Improve performance when comparing two integer arrays of different lengths

I have a bottleneck (or at least an area, I think I can do better) with this comparator, which is basically an ordinal string matching, but works against integers (usually I don’t think it has value) of arrays.

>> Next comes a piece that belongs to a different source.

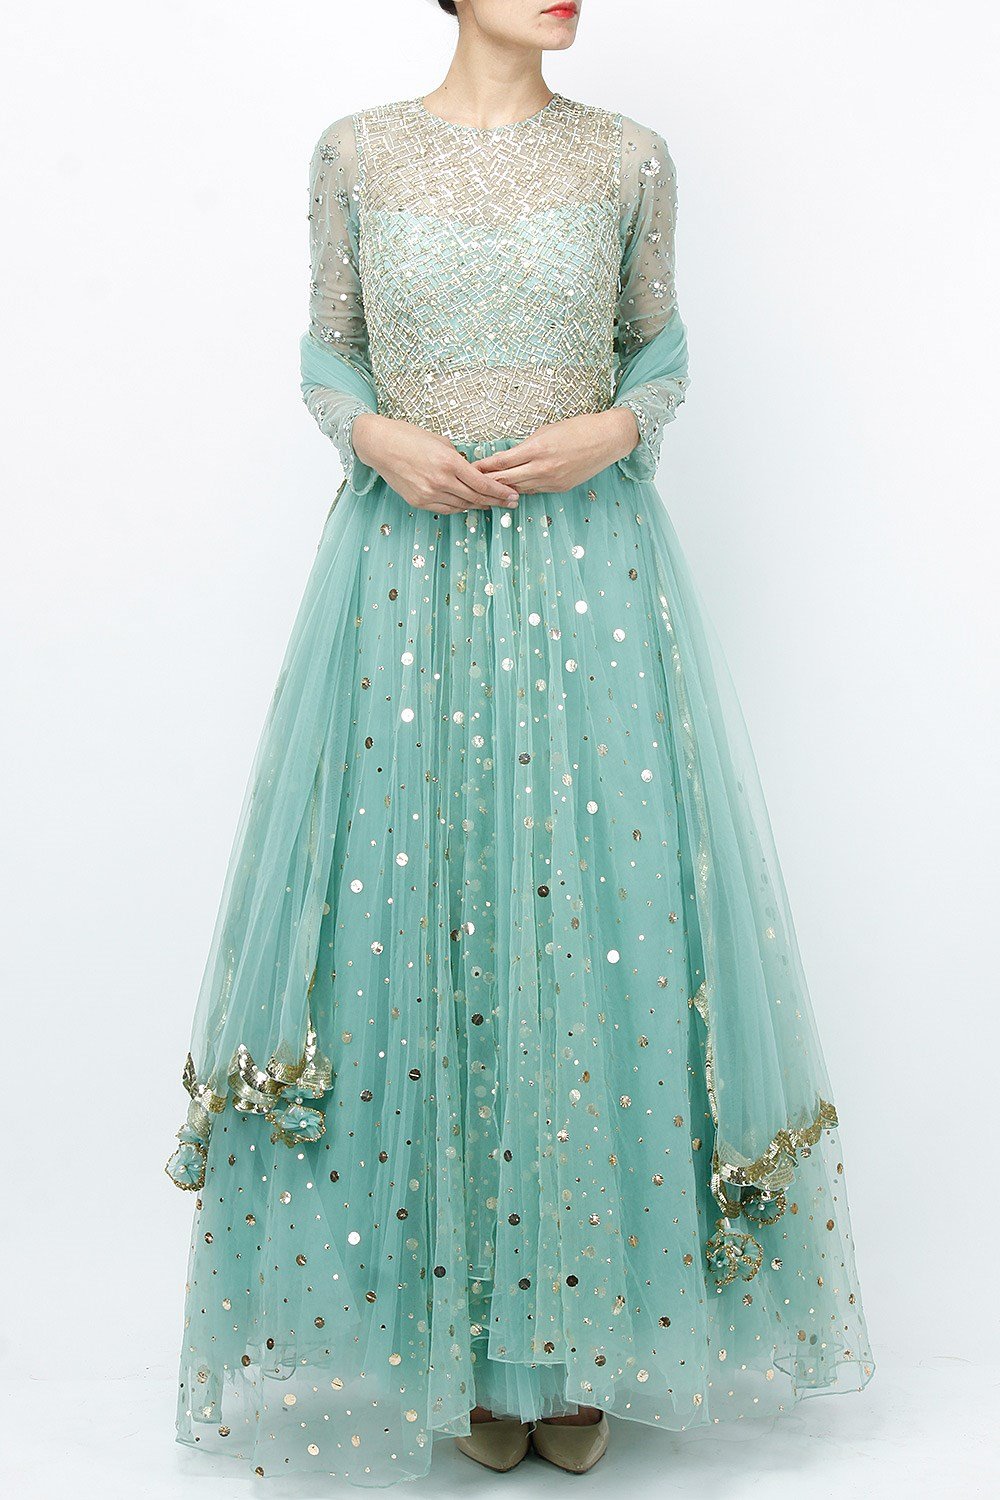 Buy Sky Blue Embroidered Anarkali Suit Online - RI.Ritu Kumar International  Store View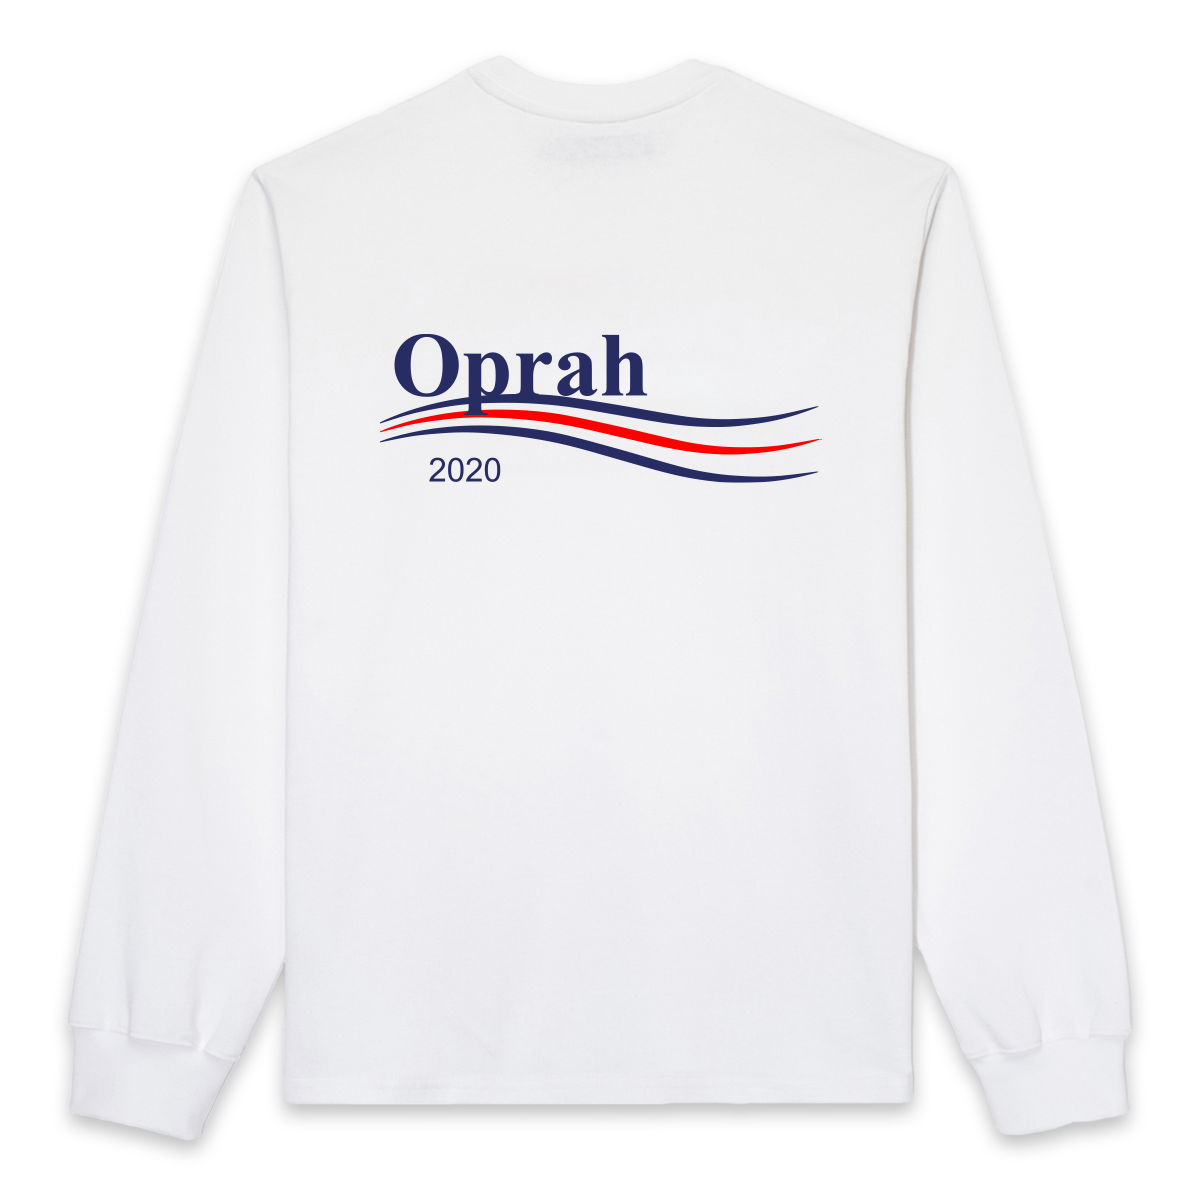 OPRAH 2020 L/S T-SHIRT

Arrays can be of different lengths, but the length will only matter if the elements are [0..n], where n is the length of the shortest match of the array. In this case, a longer array is considered "large."

1 2 3 <1 2 4

1 2 3 5 <1 2 4

1 2 5 3> 1 2 4

1 2 3 4> 1 2 3

public int Compare(ushort[] x, ushort[] y) { int pos = 0; int len = Math.Min(x.Length, y.Length); while (pos < len && x[pos] == y[pos]) pos++; return pos < len ? x[pos].CompareTo(y[pos]) : x.Length.CompareTo(y.Length); } 

Any ideas on how this can be optimized?

Update

In response to the commentator about what I'm actually doing here: I understand that I have long asked a question related to this, which shows what I am doing in context. The only significant difference is that now I use the ushort array instead of the string for keys, since it is much more compact.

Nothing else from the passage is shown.